Function Space/ Hypothesis Class/ Model Class

Warning

What additional restrictions should we place on \(\mathcal{H}\)?

\[ \mathcal{H} := \{h \mid h : \mathcal{X} \to \mathcal{Y} \}\]

Loss Function

Warning

Make note on parameterization

\[\begin{align*} &l : \mathcal{H} \to \mathcal{X} \to \mathcal{Y} \\ &l(h, x, y) = (y - h(x))^2 \end{align*}\]

Population Risk

\[\begin{align*} &L :: \mathcal{H} \to \mathcal{R}_+ \\ &L(h) := \underset{(x,y)\sim p}{\mathbb{E}} \big[l(h, x, y)\big] \\ &L(h)= \int _{\mathcal{X} \times \mathcal{Y}}l(h, X, Y)d\mathbb{P} \end{align*}\]

Empirical Risk

\[ \begin{align*} &\hat{L} :: \{X, Y\}^n \to \Theta \to \mathcal{R}_+ \\ &\hat{L}(\{x_i, y_i\}_{i=1}^n, \theta) = \frac{1}{n} \sum _i l(\theta, x_i, y_i) \end{align*}\]

Partial Evaluation: Expectation

Partially evaluated at \(\theta\), \(\hat{L}\) is a random variable. Taking its expectation

\[ \begin{align*} \mathbb{E}\big[ \hat{L} _{\theta}\big] &= \mathbb{E}\Big[ \frac{1}{n} \sum _i l(\theta, x_i, y_i)\Big] \\ &= \frac{1}{n} \sum _i \mathbb{E}\big[ l(\theta, x_i, y_i)\big] \\ &= L(\theta) \end{align*}\]

Partial Evaluation: Variance

\[ \begin{align*} \textrm{Var}(\hat{L} _{\theta}) &= \textrm{Var}\Big[ \frac{1}{n} \sum _i l(\theta, x_i, y_i)\Big] \\ &= \frac{1}{n^2} \sum _i \textrm{Var}\big[ l(\theta, x_i, y_i)\big] \\ &= \frac{\textrm{Var}\big[ l(\theta, x_i, y_i)\big]}{n} \end{align*}\]

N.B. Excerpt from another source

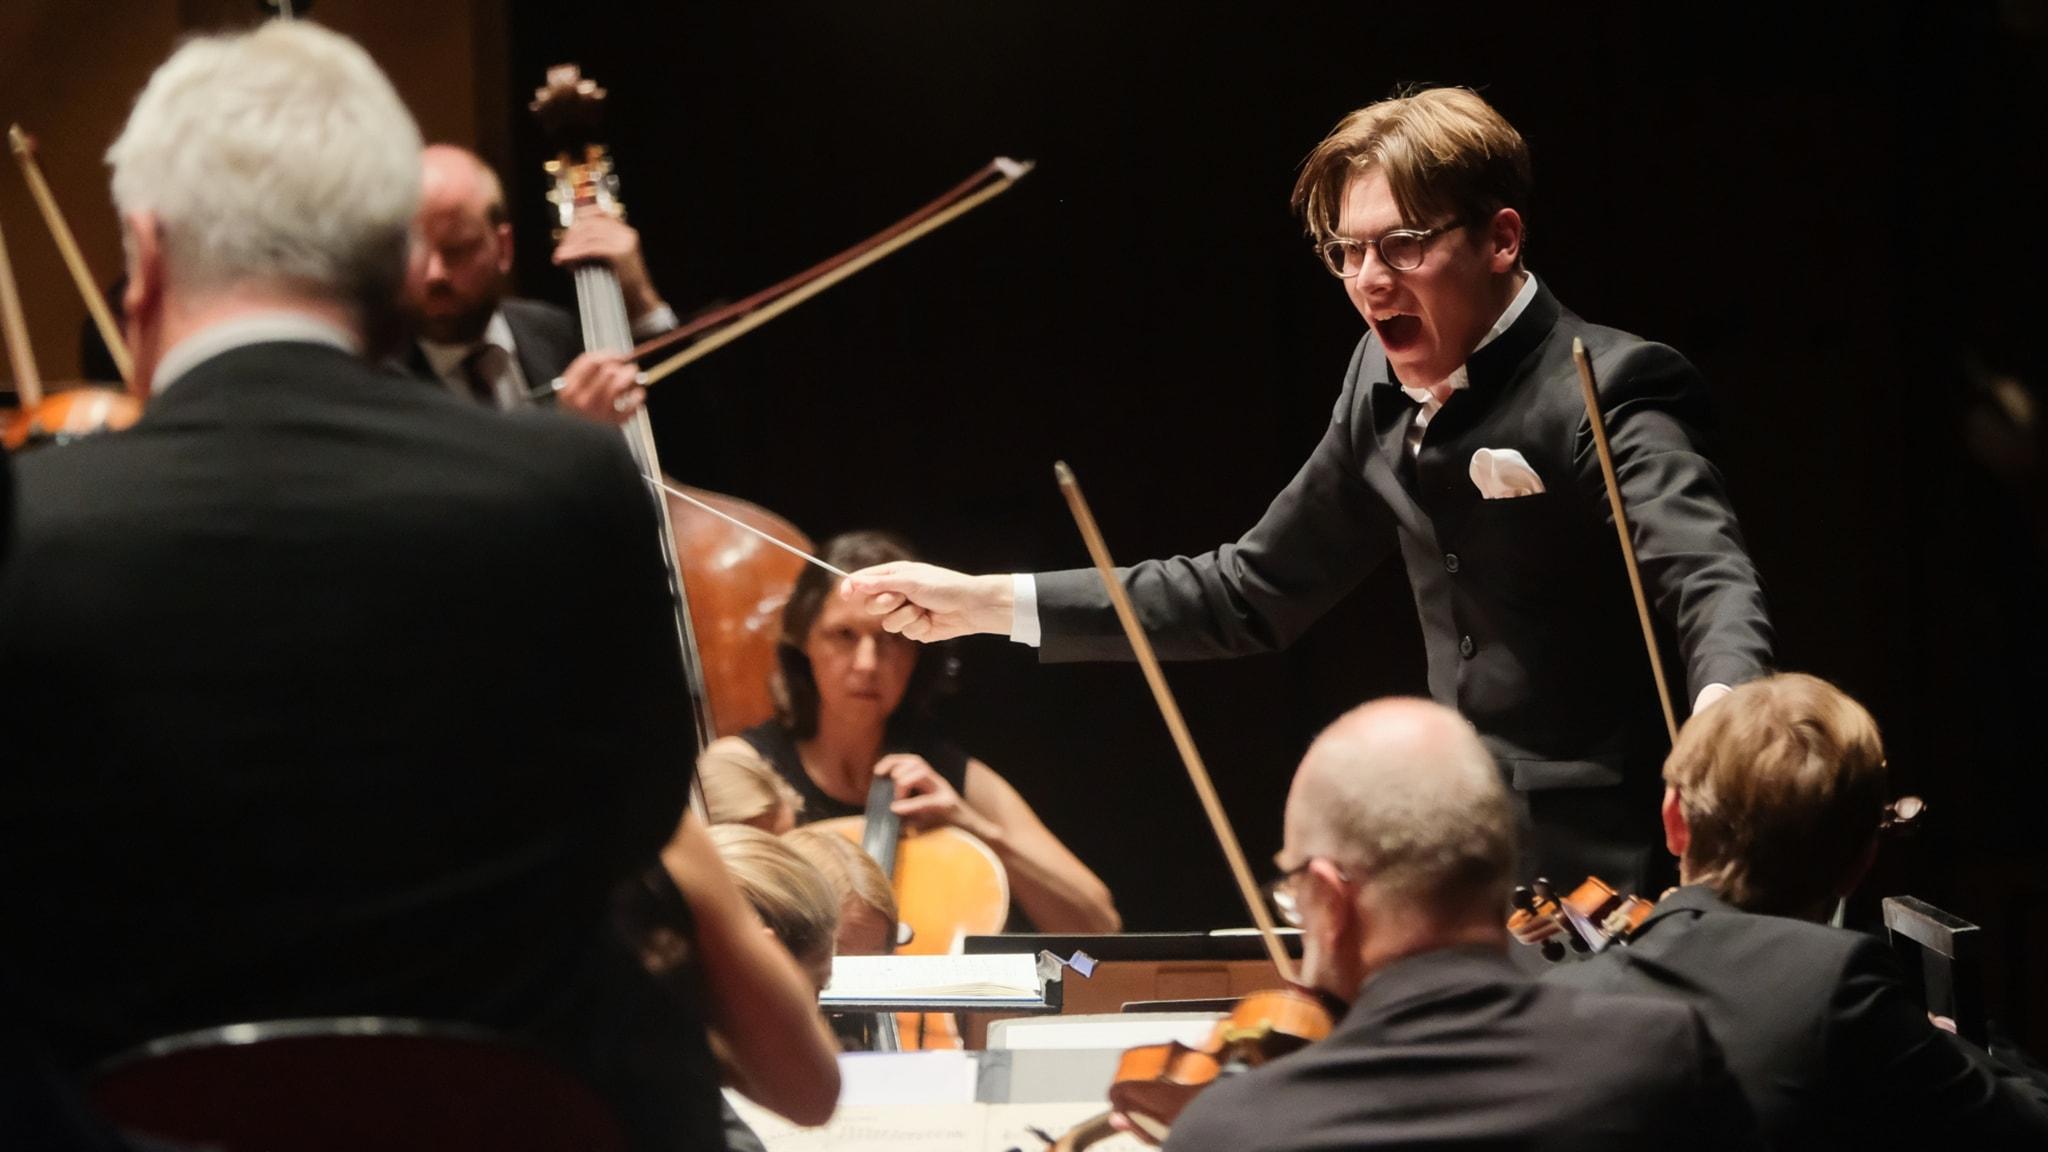 KONSERT: Sjostakovitjs femte symfoni och cellokonsert av Rautavaara

Partial Evaluation: Variance

Partially evaluated at \(\theta\), \(\hat{L}\) is a random variable. Taking its expectation

\[ \begin{align*} \mathbb{E}\big[ \hat{L} _{\theta}\big] &= \mathbb{E}\Big[ \frac{1}{n} \sum _i l(\theta, x_i, y_i)\Big] \\ &= \frac{1}{n} \sum _i \mathbb{E}\big[ l(\theta, x_i, y_i)\big] \\ &= L(\theta) \end{align*}\]

Hmm

But we are not really interested in this relationship, becuase \(\hat{L}\) is not partially evaluated in practice. In practice, we use our training data to determine \(\theta\). That is we have an algorithm \(\mathcal{A}\).

Algorithm

\[ \begin{align*} \mathcal{A} :: \{\mathcal{X}, \mathcal{Y}\}^n \to \Theta \end{align*} \]

Empirical Risk Minimization

\[ \begin{align*} &\textrm{ERM} :: \{X, Y\}^n \to \Theta \\ &\textrm{ERM}(\{x_i, y_i\}_{i=1}^n) = \underset{\theta \in \Theta}{\textrm{minimize}} \ \hat{L}(\{x_i, y_i\}_{i=1}^n, \theta) \end{align*}\]

Consistency:

\[\mathbb{P}_n ( \| \mathcal{A}_n - \theta _0 \| > \varepsilon) \to 0 \]
Which is just a random variable. We can evaluate it as follows:

\[ \begin{align*} \mathbb{E} \big[ L \circ \mathcal{A} \big] \end{align*} \]
Excess Risk:

\[ \begin{align*} &E :: \mathcal{H} \to \mathcal{R}_+ \\ &E(h) = L(h) - \underset{g \in \mathcal{H}}{\inf} L(g) \end{align*}\]